- The Washington Times - Monday, November 18, 2024

Chinese President Xi Jinping warned President Biden not to cross four “red lines” regarding Taiwan and the communist system as the outgoing president called for continued communications.

Mr. Xi, meeting with the U.S. president on the sidelines of the Asia Pacific Economic Cooperation meeting in Lima, Peru, over the weekend, said that the four demands must not be “challenged or crossed,” the official Xinhua News Agency said.

“A new Cold War should not be fought and cannot be won. Containing China is unwise, unacceptable and bound to fail,” Mr. Xi was quoted as saying.

During the meeting on Saturday, the Chinese leader said the issue of Taiwan, “democracy and human rights,” the Chinese communist system, and China’s development “rights” are the four red lines. Mr. Xi did not say what the consequences would be for the U.S. crossing the red lines.

Mr. Xi said U.S.-China differences are unavoidable, but that “one side should not undermine the core interests of the other, let alone seek conflict or confrontation,” Xinhua quoted him as saying. Mr. Xi also said Beijing hoped to maintain stable ties after the U.S. presidential election.

The White House made no mention of Mr. Xi’s demands in its readout statement of the Biden-Xi meeting, saying the third meeting between the two leaders was “candid [and] constructive” and likely the last for Mr. Biden who leaves office Jan. 20.

According to the Xinhua account, Mr. Xi told the president that neither China nor the U.S. “should seek to remodel the other according to one’s own will, suppress the other from the so-called ‘position of strength,’ or deprive the other of the legitimate right to development so as to maintain its leading status.”

Mr. Biden also told Mr. Xi that the U.S. does not seek to change China’s system and does not want a new Cold War.

It is unknown if the incoming Trump administration will continue that policy. Mr. Trump in the past has said he opposes policies of regime change but took a tough line on China in his first term in office.

In 2018, Mr. Trump authorized the CIA to conduct a clandestine influence campaign designed to turn people in China against the communist government, Reuters reported in March. Some analysts say anti-U.S. rhetoric and information operations — such as blaming the COVID-19 pandemic on the U.S. — are signs Mr. Xi’s ruling Communist Party and the Chinese government are already engaged in low-level information warfare.

Chinese officials began demanding in 2021 that the Biden administration promise not to target China’s communist system called “socialism with Chinese characteristics.” While Mr. Biden has rejected regime change as U.S. policy, China has made no secret of its goal of one day replacing the U.S. capitalist system with its brand of socialism as the global standard.

Chinese leaders in the past have said formal independence for Taiwan is a red line or core interest that would likely trigger military action against the democratic, self-ruled island. The other demands regarding Chinese “democracy and human rights” were not explained by state media.

Mr. Xi’s reference to Chinese development rights is an apparent reference to earlier complaints that tightened U.S. national security controls on exports of goods to China are designed to weaken and “contain” Chinese development.

The White House appeared to emphasize the positive aspects of the administration’s overall approach to China, one that it characterized as seeking both competition and cooperation. No breakthrough initiatives were achieved on such issues as climate change and arms control, however, during Mr. Biden’s term.

Relations were marked with tension over Chinese military threats to Taiwan, clashes over China’s expansive territorial claims in the South China Sea and opposition to U.S. efforts to limit China’s access to high-technology microchips and other goods.

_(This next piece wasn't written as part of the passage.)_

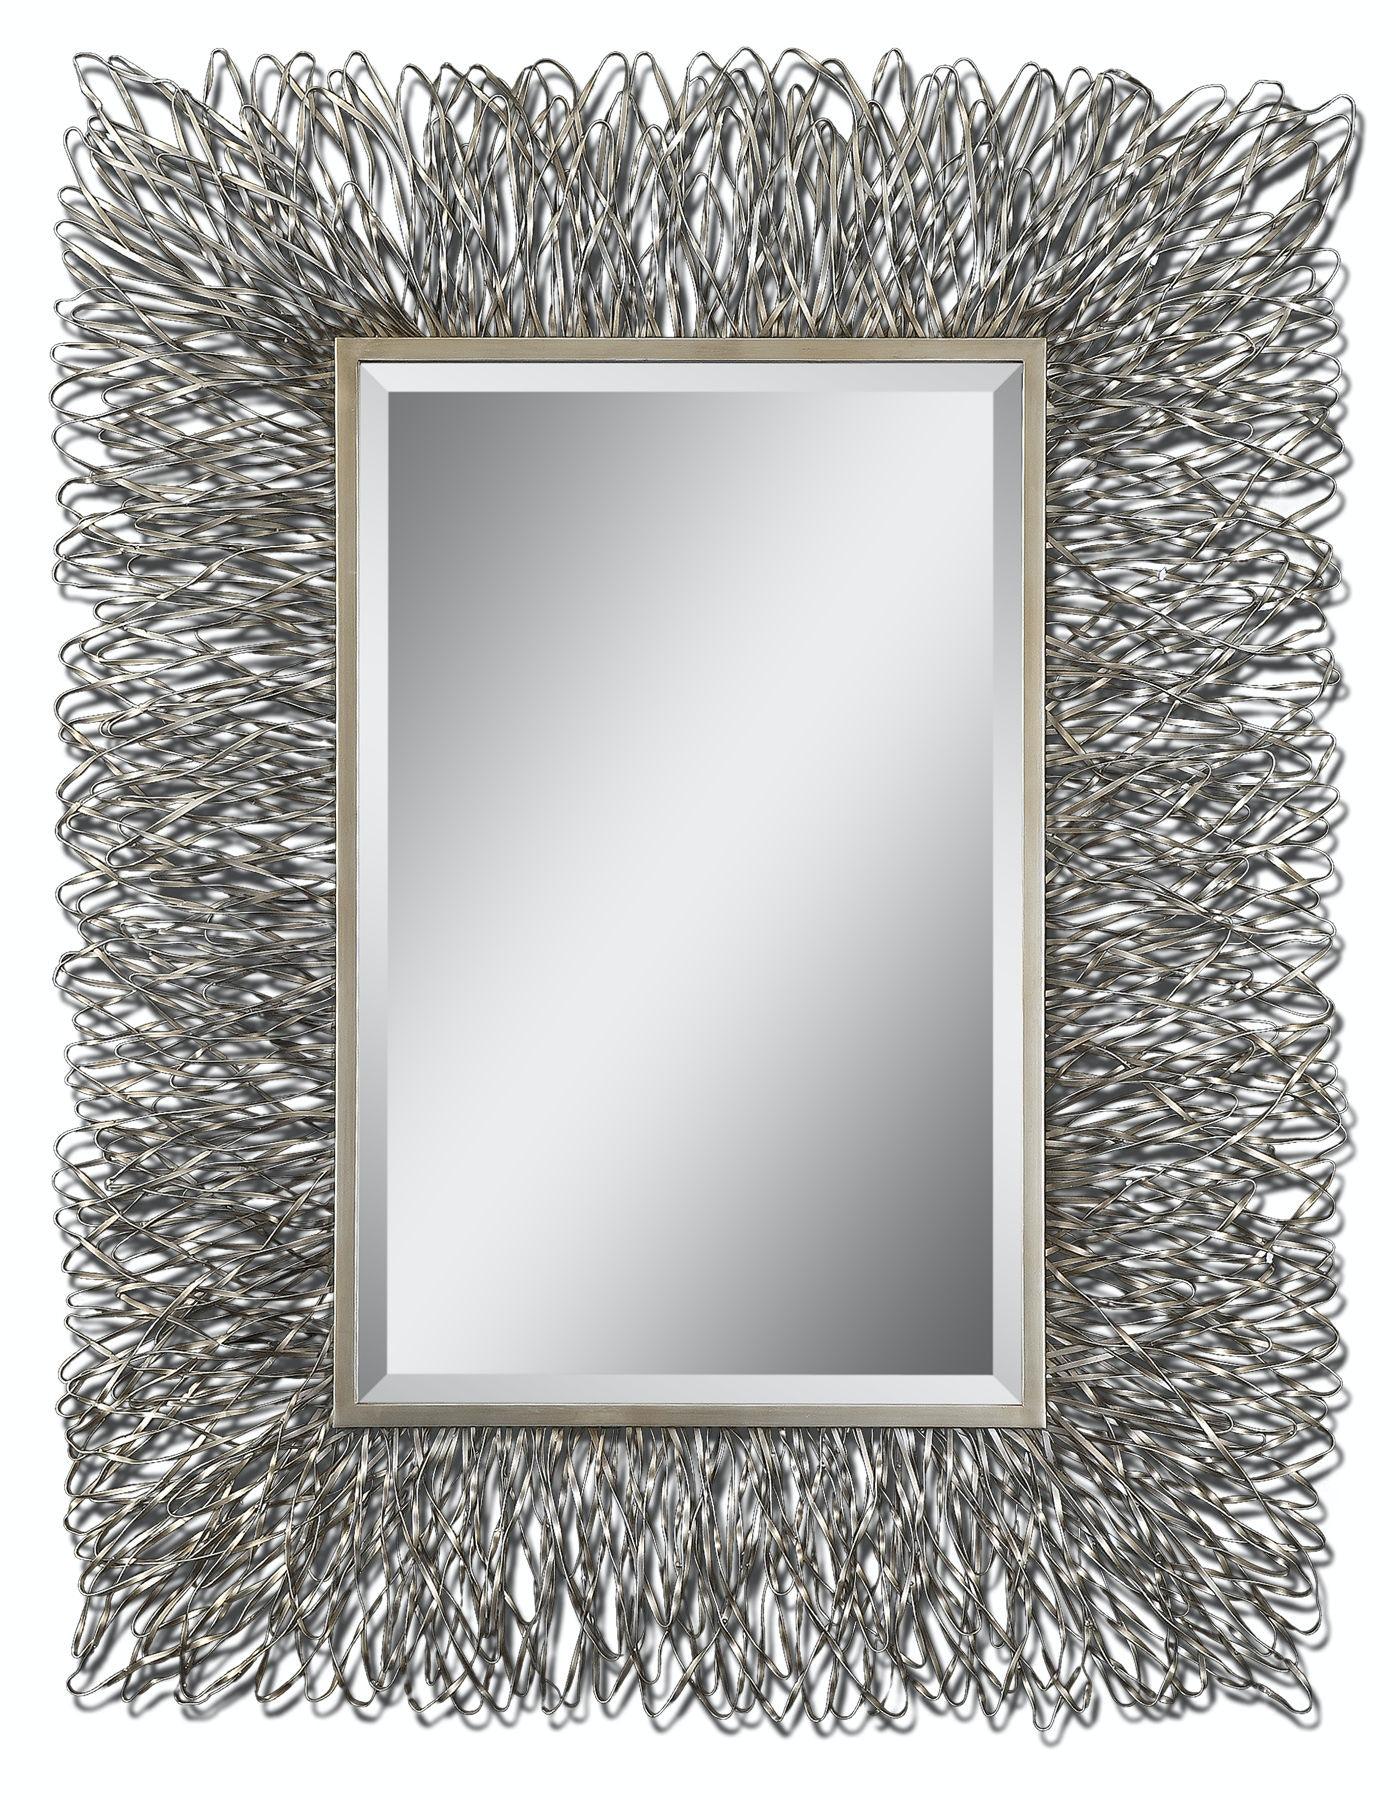 uttermost corbis decorative metal mirror ut07627 from walter e  smithe furniture   design corbis decorative metal mirror ut07627  rh   smithe
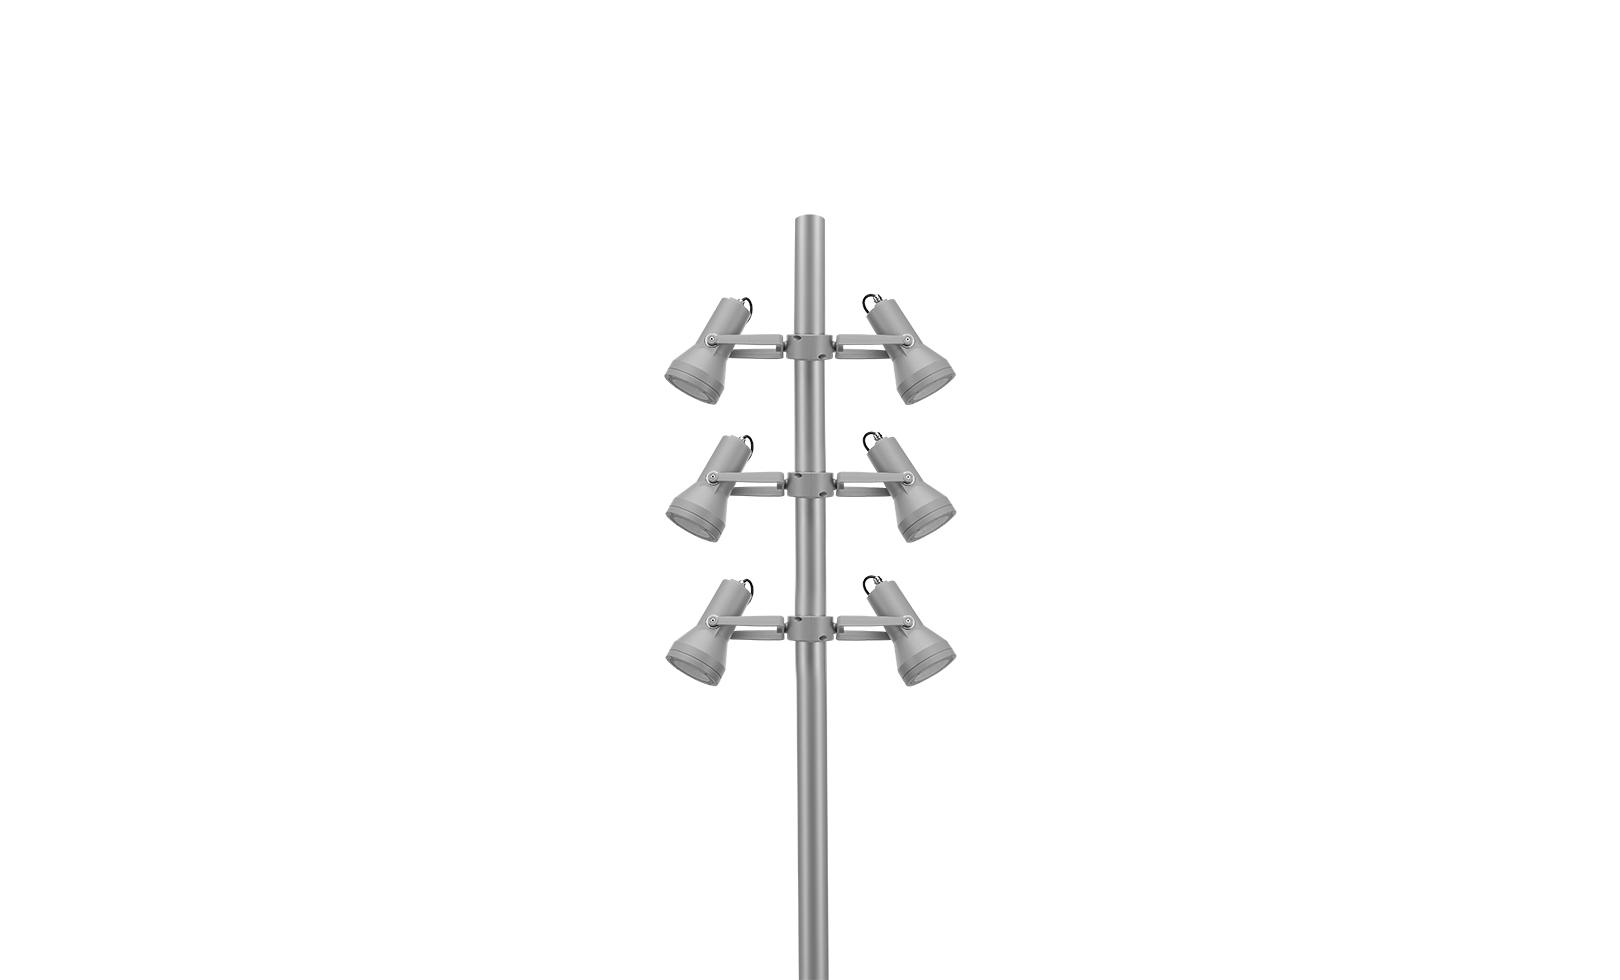 805002-805006 FLASH POLE MEDIUM COB LED 18W 5

One outcome from the Lima talks saw Mr. Biden and Mr. Xi agree to maintain human control over nuclear weapons use decision-making processes. The agreement followed several U.S.-China official meetings on the risks of allowing artificial intelligence to control nuclear weapons use.

The agreement is largely symbolic since neither nation allows the other to examine or verify whether humans remain in the loop in the secretive process of launching missiles and bombers.

Russia maintains an automated system capable of launching nuclear weapons strikes without human intervention if key military or civilian leaders are killed, and some believe China is developing a similar automated launch system under its strategic shift to a launch-on-warning nuclear policy.

“The way that I would put this is you need to start somewhere, basic principles, and build from there when it comes to trying to develop a common basis for reducing nuclear risk,” White House National Security Adviser Jake Sullivan told reporters after the meeting. “And a good place to start is with the straightforward proposition that there should be human control over the decision to use nuclear weapons.”

After both leaders put aside talking points during the meeting, they discussed managing relations during the transition to the incoming Trump administration, Mr. Sullivan said.

“It was a reflection on having spent a lot of time together over the course of a decade, in pretty high-pressure situations managing a relationship of very high consequence,” he said.

Mr. Biden was dogged during his term by allegations disclosed by Congress that Chinese government-linked companies and people paid large sums to his son Hunter Biden in a bid to buy influence.